In this overview article, we will share our best practices, knowledge, and experiments in the field of neural networks and working with 3D data. We will tell you about different tools that will help you in tasks with images and 3D objects manipulations, and explain how you can use them in your work and projects.

Every day there appear more and more tasks related to working with 3D data. It is closely related to the development of robotics and machine vision, virtual and augmented reality, medical and industrial scanning technologies. Machine learning (ML) algorithms help to solve complex tasks in which it is necessary to not only work with images and files, but also to classify three-dimensional objects, restore missing information about them, transform and manipulate them, and create new ones.

This variety of goals can be achieved by integrating ML into working with 3D data. We, the PHYGITALISM team, pay a lot of attention to this promising synergy of ML and 3D and would like to share our experience and views on how these fields complement each other.

In this article we will touch in detail three main directions:

  1. Working with images, animations, and videos
  2. Transforming images and videos into 3D
  3. Working with 3D data

The tools in these directions helped us complete working tasks more easily, create interesting projects, and run unusual experiments. We would like to pay more attention to reinforcement learning (RL), neuro-linguistic programming (NLP), sound processing, working with simulations and signals in the future.

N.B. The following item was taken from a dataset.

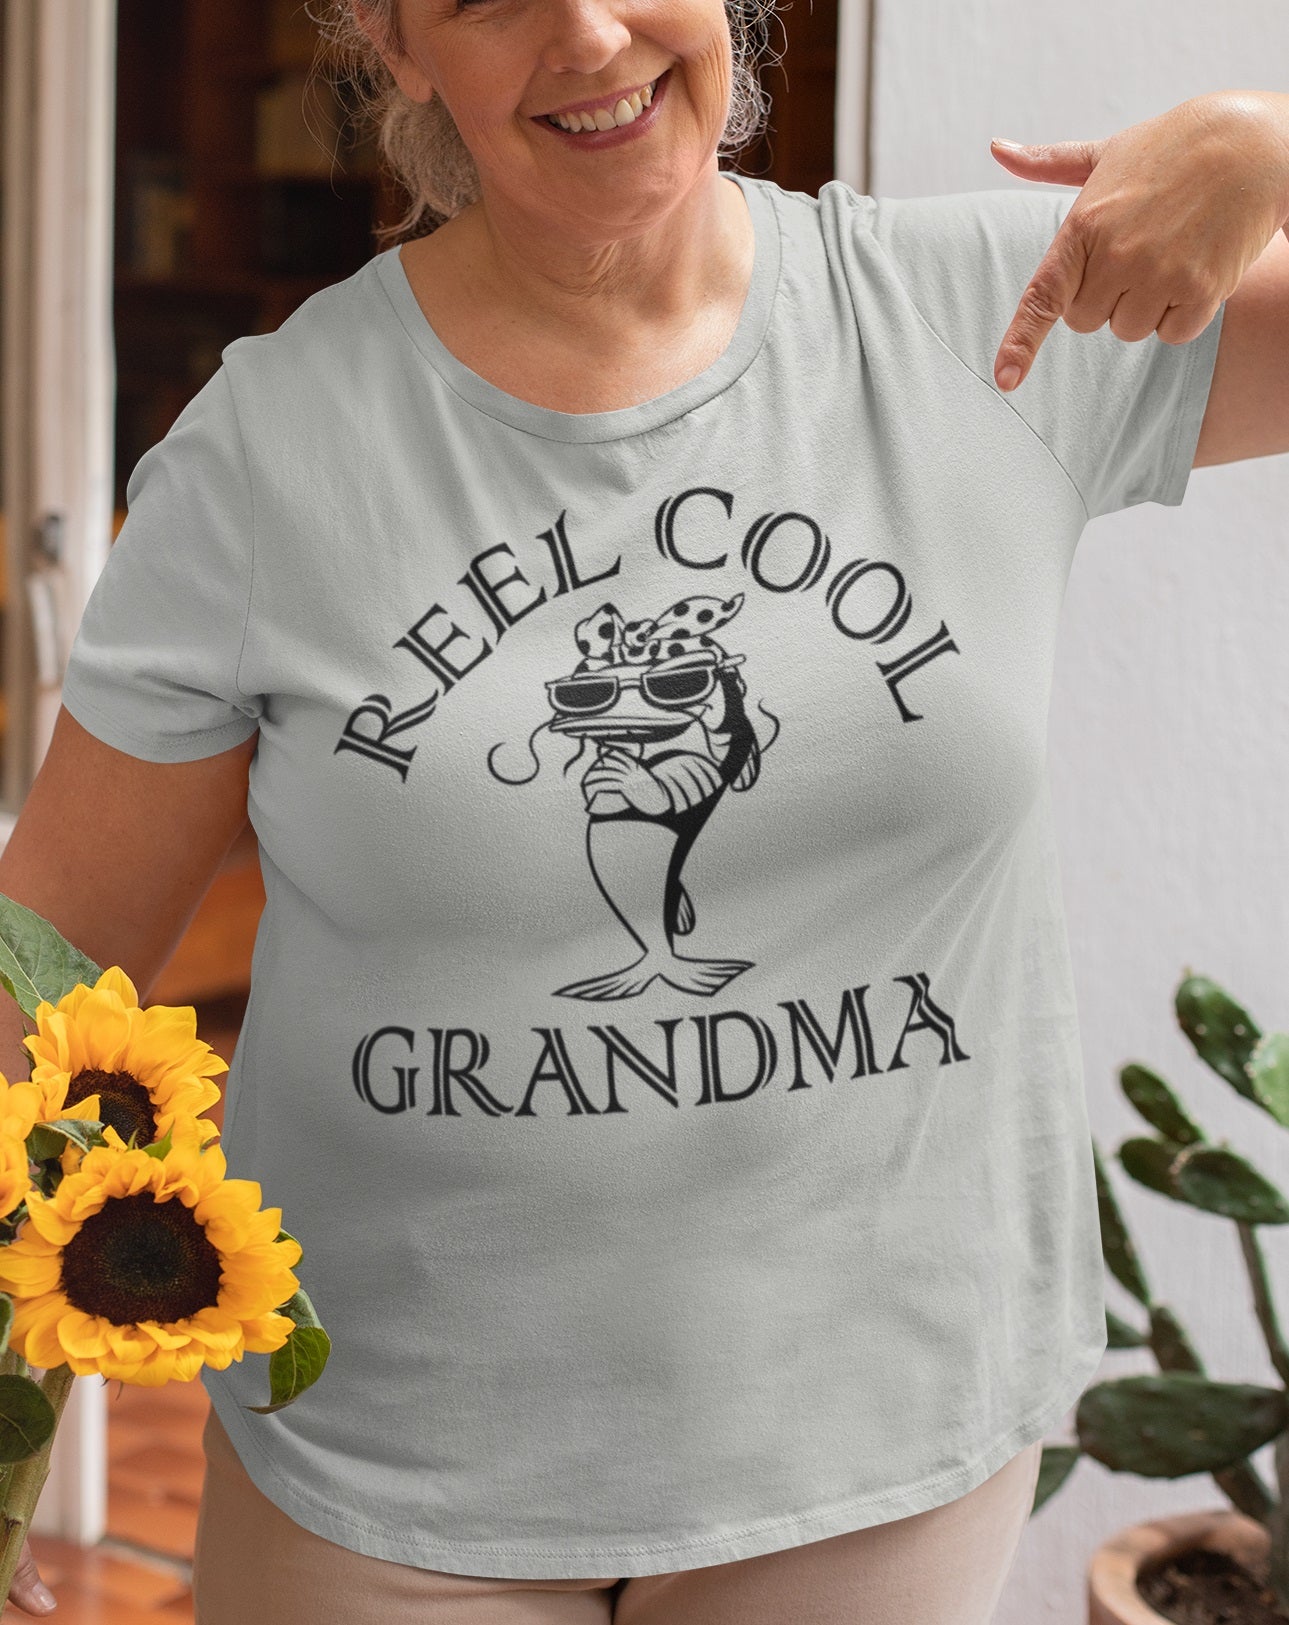 Reel Cool Grandma Fishing Shirt Cute Fishing Gift for Grandmother

Important note: the original article was published in Aug.2020, and some tools may have already received some updates and improvements.

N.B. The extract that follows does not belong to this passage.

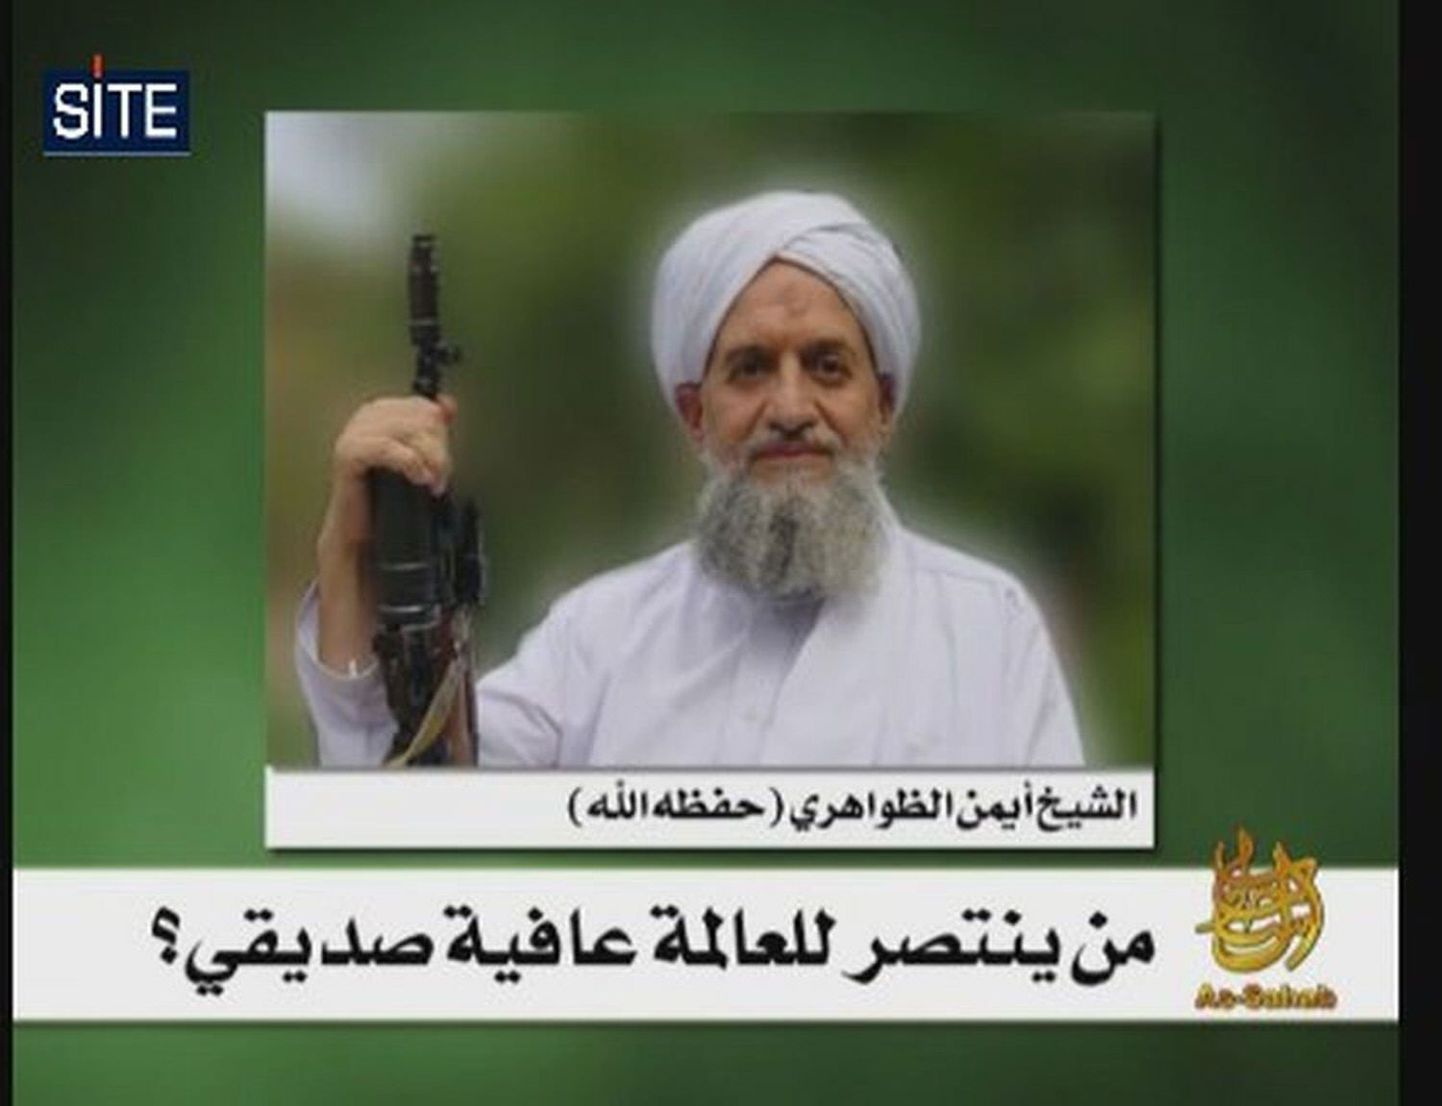 Al-Qaeda uus liider Ayman al-Zawahiri.

1. Working with images, animations, and videos

In this direction, we researched and used tools that made working with images and videos easy, transferred styles and textures. First of all, we want to talk about segmentation.

Most of you already probably know about the ability of neural networks to detect and classify objects in a photo. While recognizing objects a neural network can assign an object to a certain group and put a bounding box on the image with its name.

Instance Segmentation puts a certain mask that duplicates the shape of the object in the photo.

We experimented with Instance Segmentation as part of the project to crop the background to create a mask. The network determined where the person in the photo was (while highlighting the main person in front of the camera), and removed the other objects in the photo.

Among the technologies allowing to work with formats and transforming them, we experimented with Style Transfer и pix2pix.

Style Transfer processes images and photos and changes its style and appearance. It is a kind of stylization of the image for any taste, which can be applied both to static formats and animations/videos.

You can transform images into completely different styles: for example, add the effect of a portrait painted with oils or acrylics to an ordinary photo.

Such style-transfer-technology was used in the gaming industry: automatic surface processing allowed to covert Fortnite’s graphics into Players Unknown’s BattleGrounds’.

How it looked:

Another interesting development related to the effect of drawing and style transfer was made by the researchers from the University of Tübingen. The neural network was learned on the works of world-famous artists and could apply the desired style to the uploaded image.

The use of Style Transfer technology makes it easier for artists to work, as they can get quite beautiful artworks that do not require long work (except for preparation stage of finding the right data).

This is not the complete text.